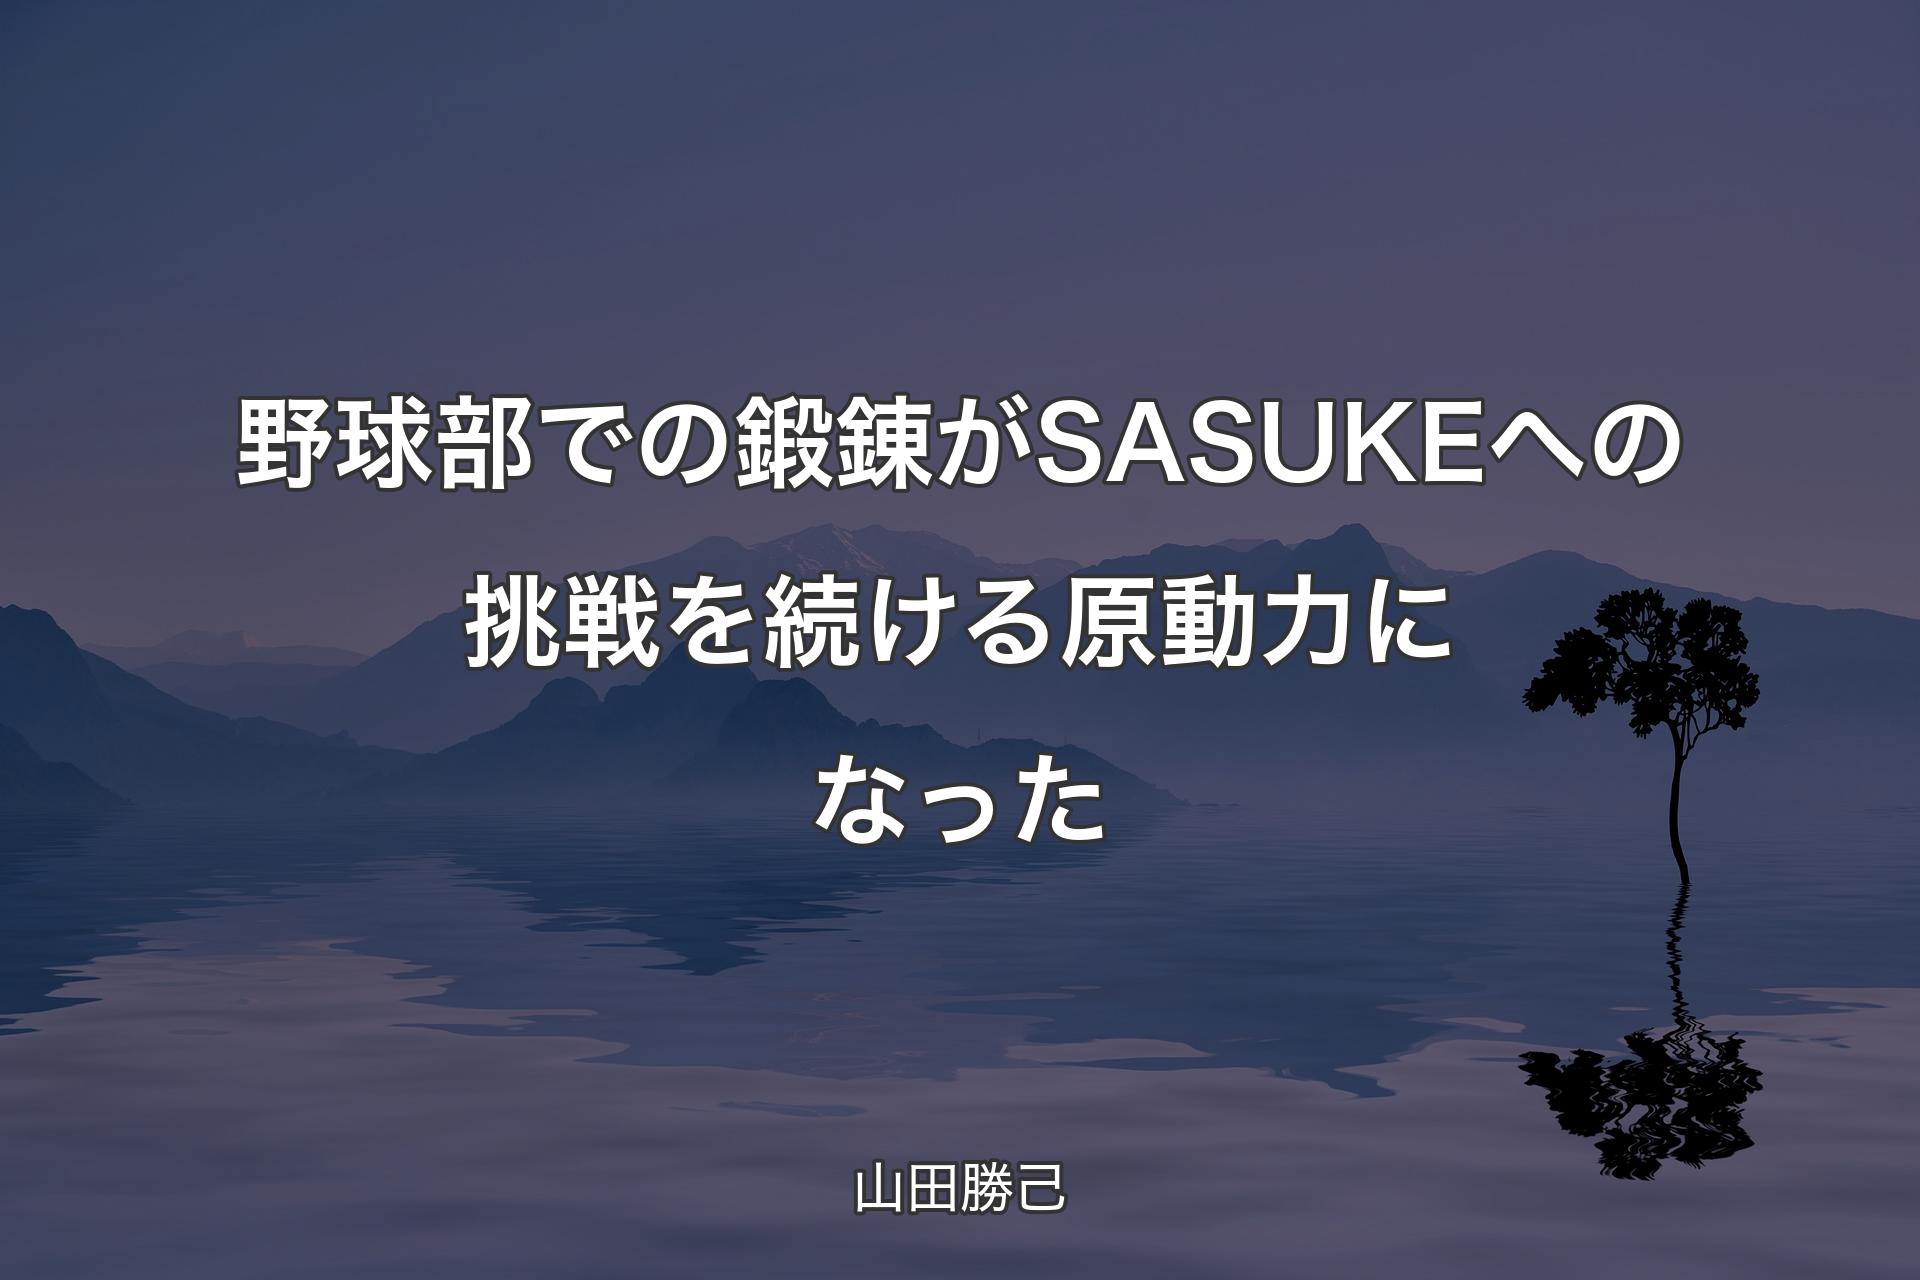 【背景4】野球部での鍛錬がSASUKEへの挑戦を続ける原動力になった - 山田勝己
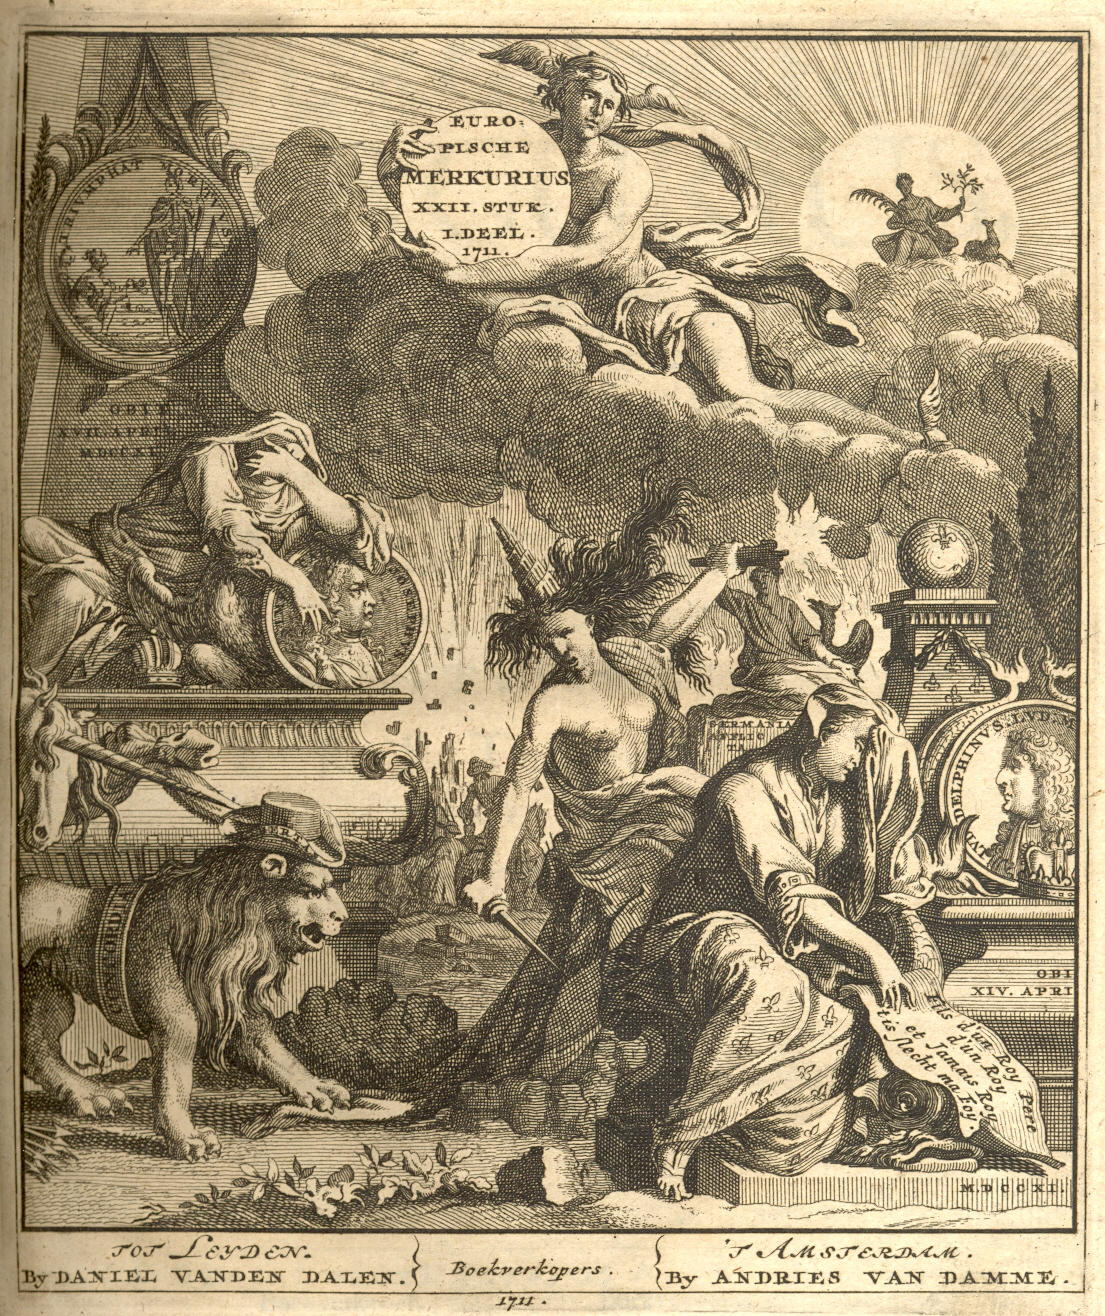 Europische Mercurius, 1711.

==

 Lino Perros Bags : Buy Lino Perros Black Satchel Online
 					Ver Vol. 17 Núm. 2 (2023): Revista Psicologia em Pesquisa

...

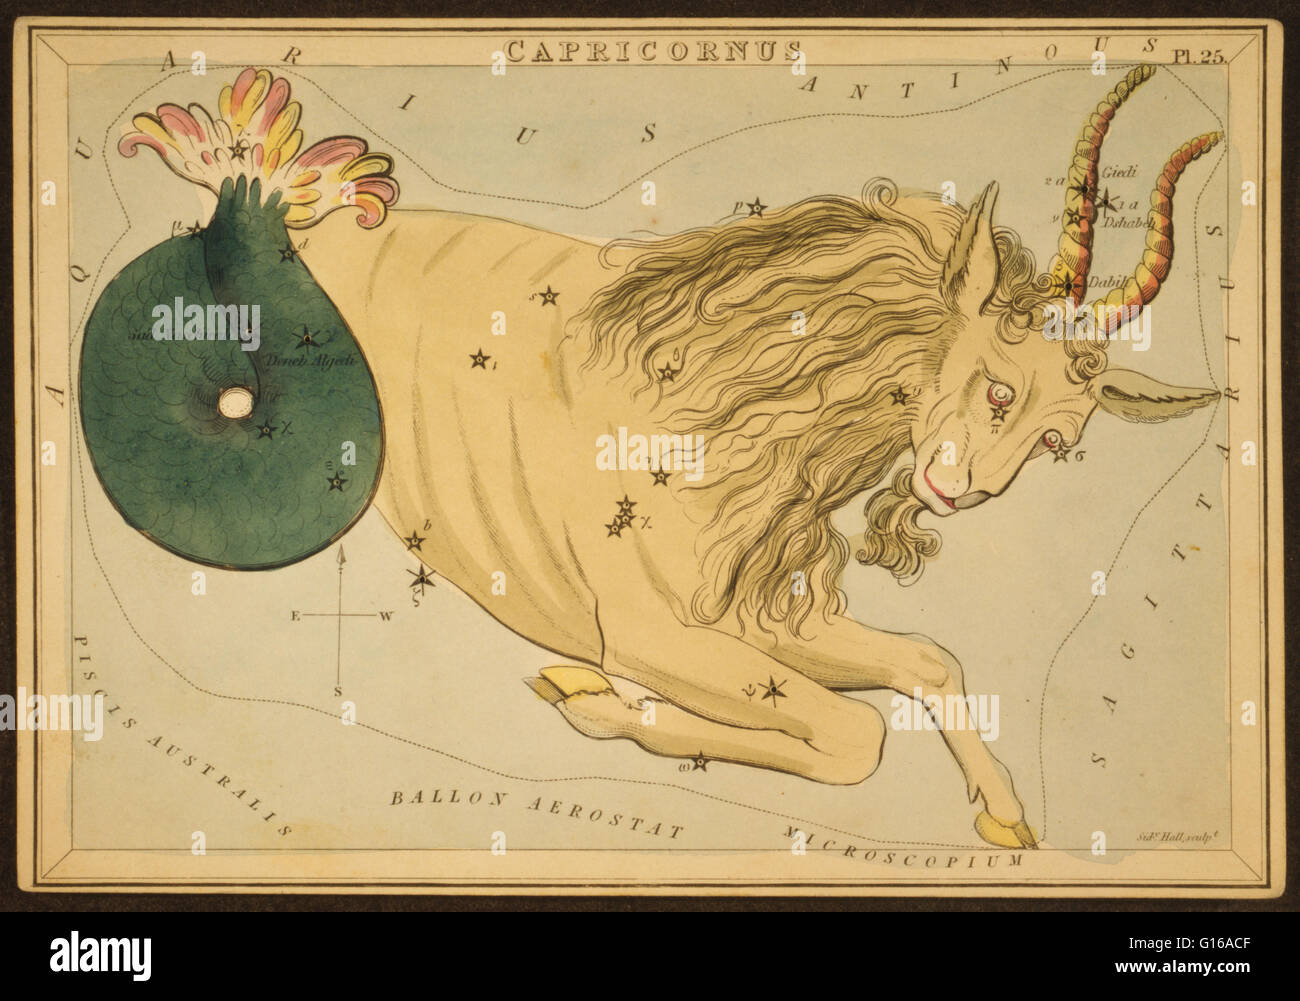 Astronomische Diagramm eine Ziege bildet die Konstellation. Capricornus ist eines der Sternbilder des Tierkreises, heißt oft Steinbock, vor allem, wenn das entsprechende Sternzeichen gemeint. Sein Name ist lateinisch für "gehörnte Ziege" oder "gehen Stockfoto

__PROBLEM DETAILS__: Keep both end lines and retype everything in the records above from the line containing "Lino Perros Bags" through the line containing "Ver Vol. 17", exactly, with nothing else.

__SOLUTION__:
 Lino Perros Bags : Buy Lino Perros Black Satchel Online
 					Ver Vol. 17 Núm. 2 (2023): Revista Psicologia em Pesquisa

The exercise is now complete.